# Client-Rechner stürzt ab - was dann?



## dweiner (27. Okt 2008)

Hi, 

ich habe ein Netzwerkspiel programmiert und das Netzwerk über Sockets, ObjectOutputStreams etc. aufgebaut. Mein Problem: Was mache ich wenn bei einem der Clients der Rechner abstürzt oder es sonstige Probleme gibt, die den Client dazu zwingen nicht mehr am Spielgeschehen teilzunehmen. Irgendwie müsste der Server halt registrieren, dass ein Client nicht mehr am Geschehen teilnimmt. Kann dies der Server irgendwie bewerkstelligen oder welche Möglichkeiten gibt es dies auf die Reihe zu bekommen? 

Bitte um Rückantwort!

Danke im voraus!

Gruß
Dominik


----------



## Lim_Dul (27. Okt 2008)

In der Regel fliegt irgendwann eine IOException am entsprechenden Input/Output-Stream beim Server.


----------



## tuxedo (27. Okt 2008)

Würde ein Ping-Pong zwischen Clients und Server machen.

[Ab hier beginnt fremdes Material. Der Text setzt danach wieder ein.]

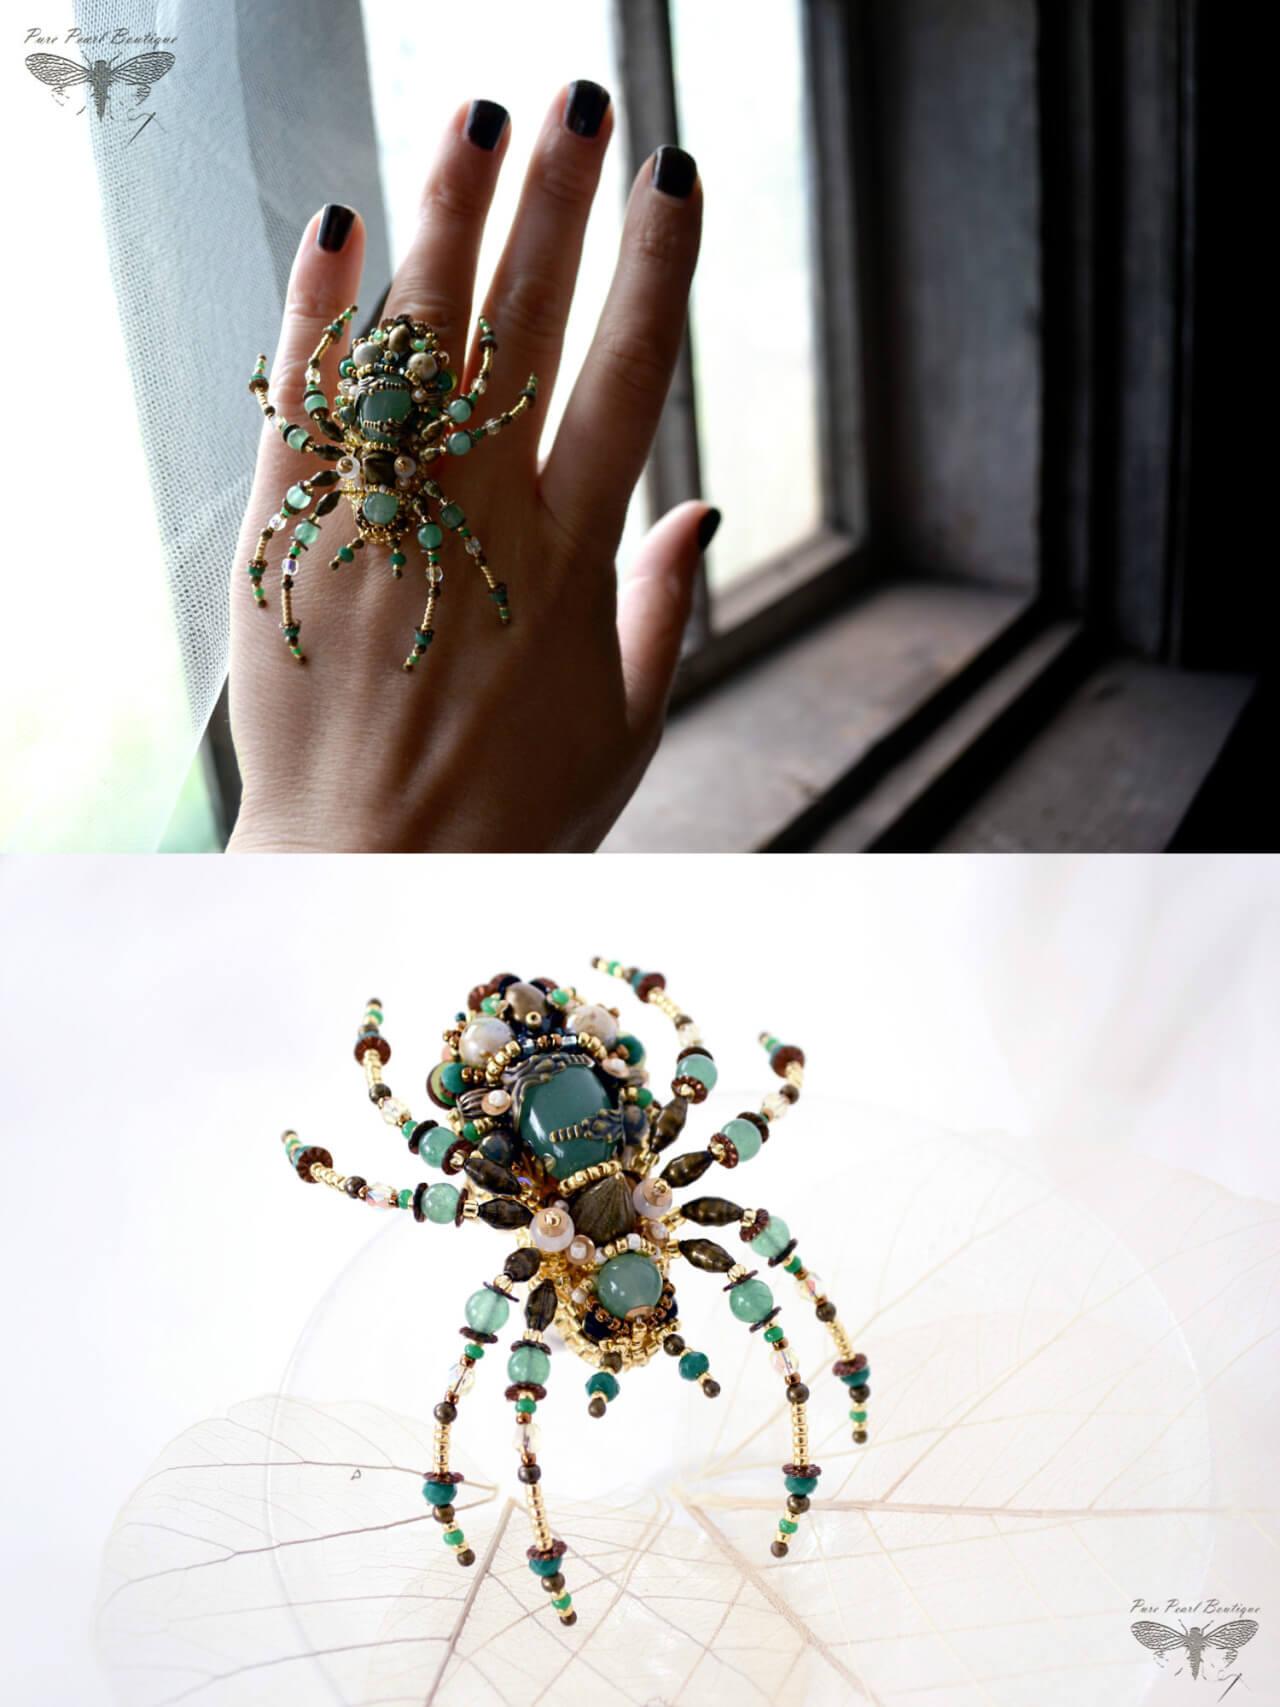 Spider Jewelry 5 (1)
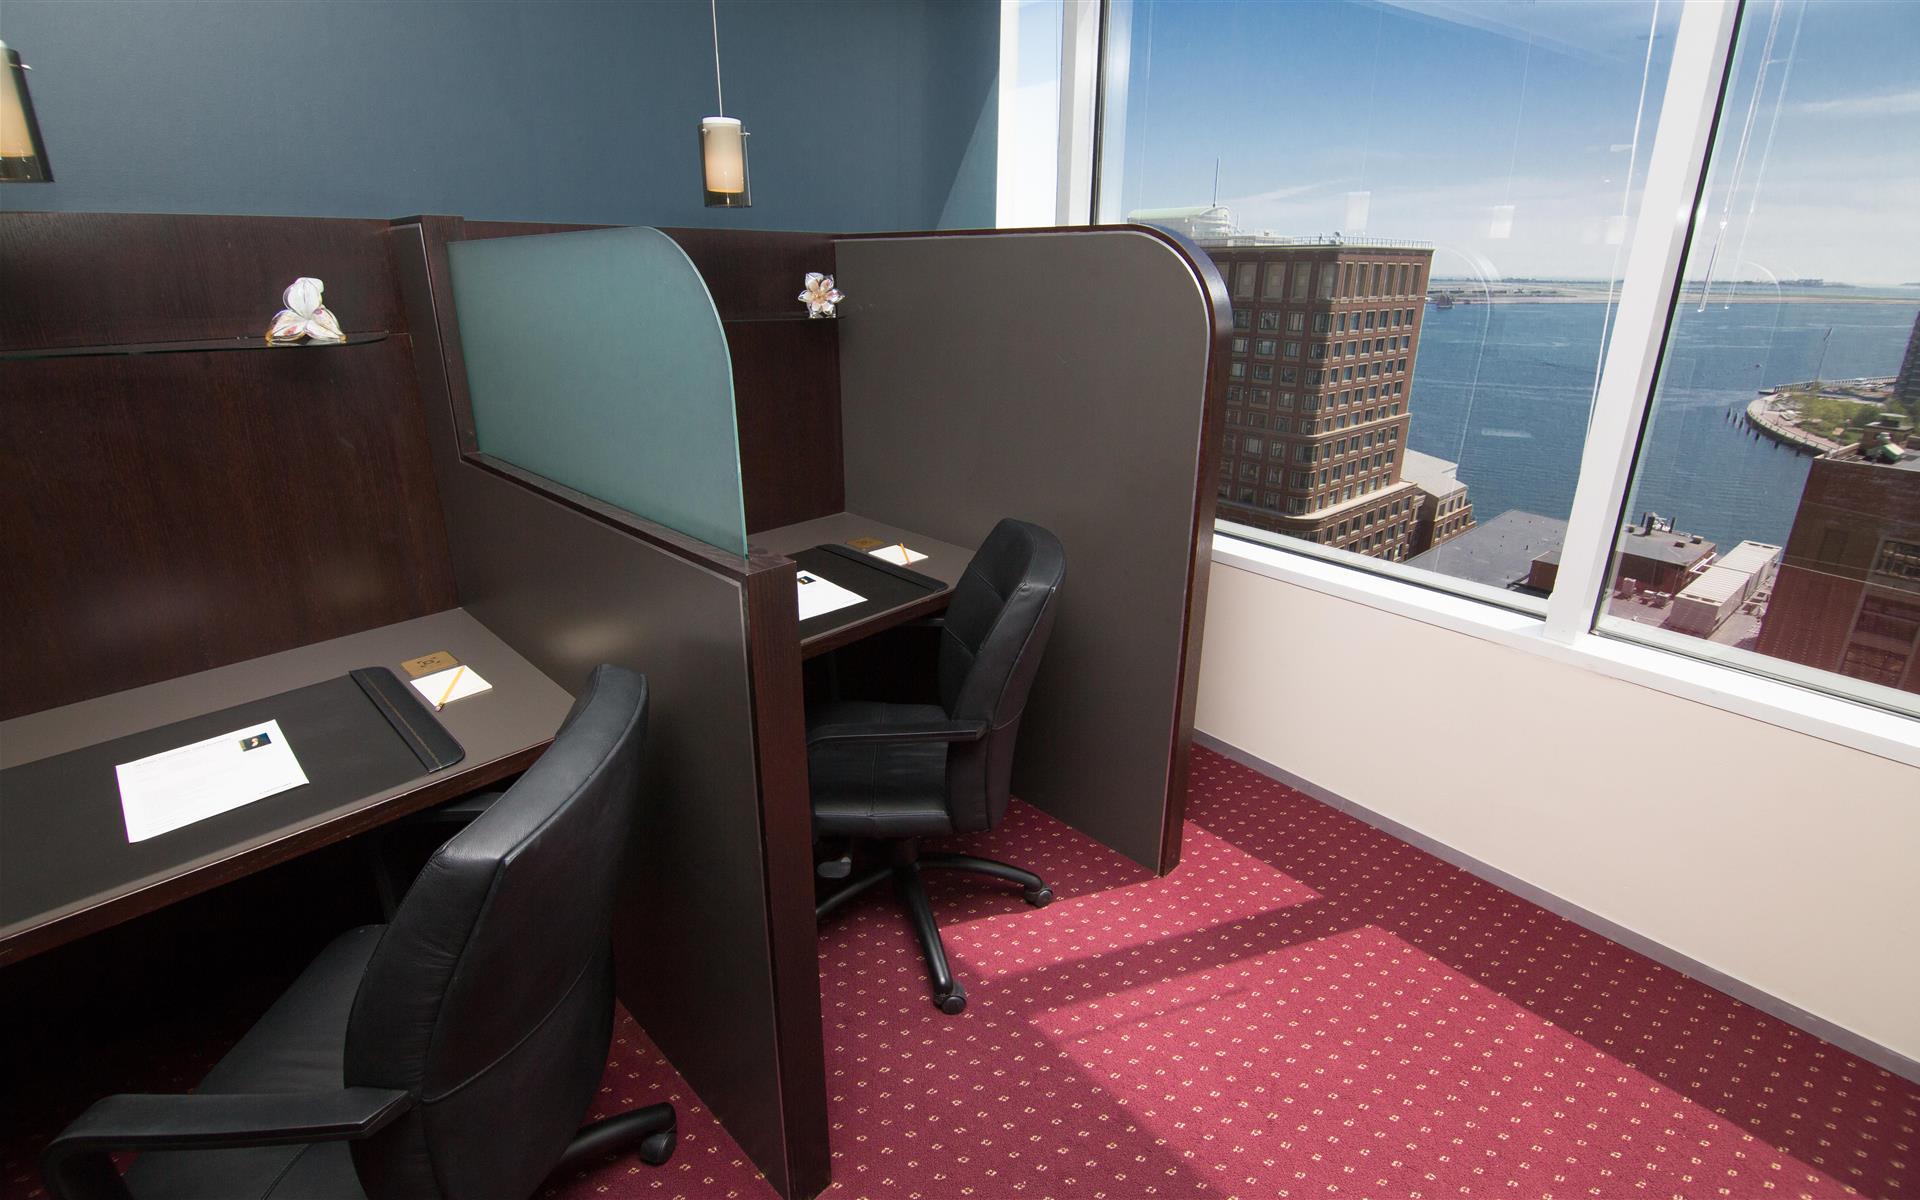 Servcorp - Boston One International Place - Coworking Lounge Workstation 1

Weil: Wenn ein Client abraucht oder wegstirbt, fällt das ERST DANN auf, wenn jemand versucht die Verbindung zu benutzen. Also Dummy-Daten in regelmäßigen abständen hin und her schicken damit solche ausfälle möglichst schnell erkannt werden. Und das "ah der Clienbt ist weg" fällt dann in einem Catch-Block auf (Stichwort IOException)

- Alex


----------